Trouble with metaclass

[anton muhin]

Fernando Rodriguez wrote:
> Hi,
> 
> I'm having trouble with a metaclass suposed to check the method signature of
> its classes.
> 
> Here's the metaclass:
> 
> class MetaChecker(type):
>     def __new__(cls, name, bases, attribs):
>         for name, value in attribs.iteritems():
>             if  inspect.ismethod(value):
>                 if not isSingleArg(value):
>                     raise "%s is not a thunk method!"%name
>         return type.__new__(cls, name, bases, attribs)
>     
>  
> def isSingleArg(fn):
>   
>     args = inspect.getargspec(fn)[0]
>     if len(args) == 1:
>         return 1
>     else:
>         return None
>    
> 
> And here's a class with this metaclass:
> 
> class Preconditions (object):
>    
>     __metaclass__ = MetaChecker
> 
> 
> 
> If I define a descendant of Preprocesor with a method with 2 arguments, I
> don't get any error:
> class P (Preprocessor):
>    def f(self, x):
>       return x
> 
> 
> What am I doing wrong?

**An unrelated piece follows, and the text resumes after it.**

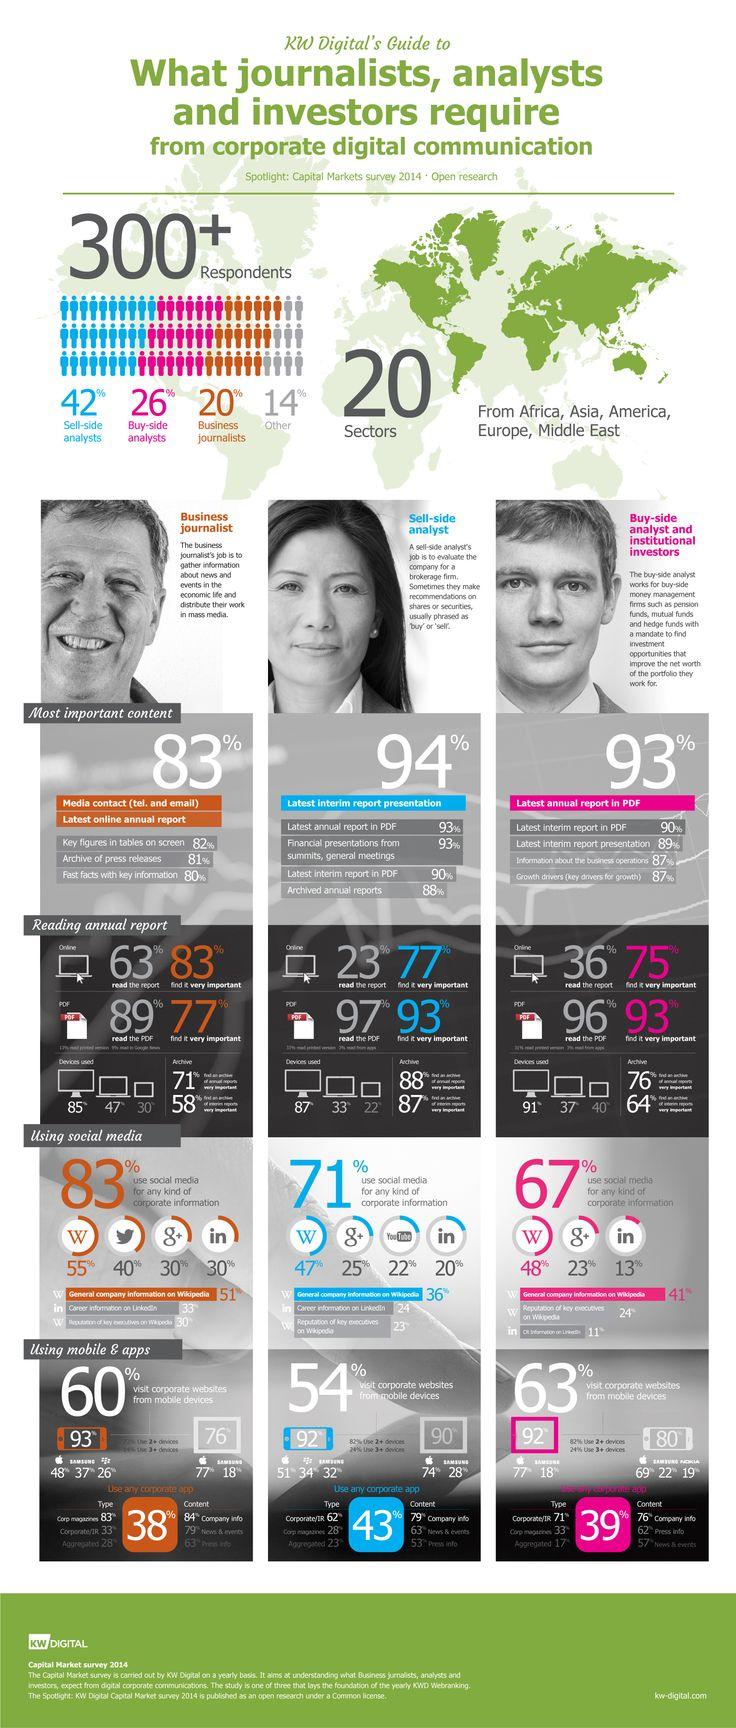 KW Digital Capital markets Survey 2014 - Profiles

O:-)
> 

The problem seems to be with ismethod function. Cf.:

import inspect

class MetaFoo(type):
     def __new__(cls, name, bases, attribs):
         for name, value in attribs.iteritems():
             if inspect.isfunction(value):
                 print '%s(%s)' % (name, ', 
'.join(inspect.getargspec(value)[0])) // Sorry, it's wrapped :(

         return type.__new__(cls, name, bases, attribs)

class Base(object):
     __metaclass__ = MetaFoo

class Foo(Base):
     def method0(self): pass
     def method1(self, x): pass
     def method2(self, x, y): pass

And compare:

class Foo(object):
     def method(self): pass
     print 'inside', inspect.ismethod(method)
     print 'inside', type(method)

print 'outside', inspect.ismethod(Foo.method)
print 'outside', type(Foo.method)

Python2.3 prints:
inside False
inside <type 'function'>
outside True
outside <type 'instancemethod'>


regards,
anton.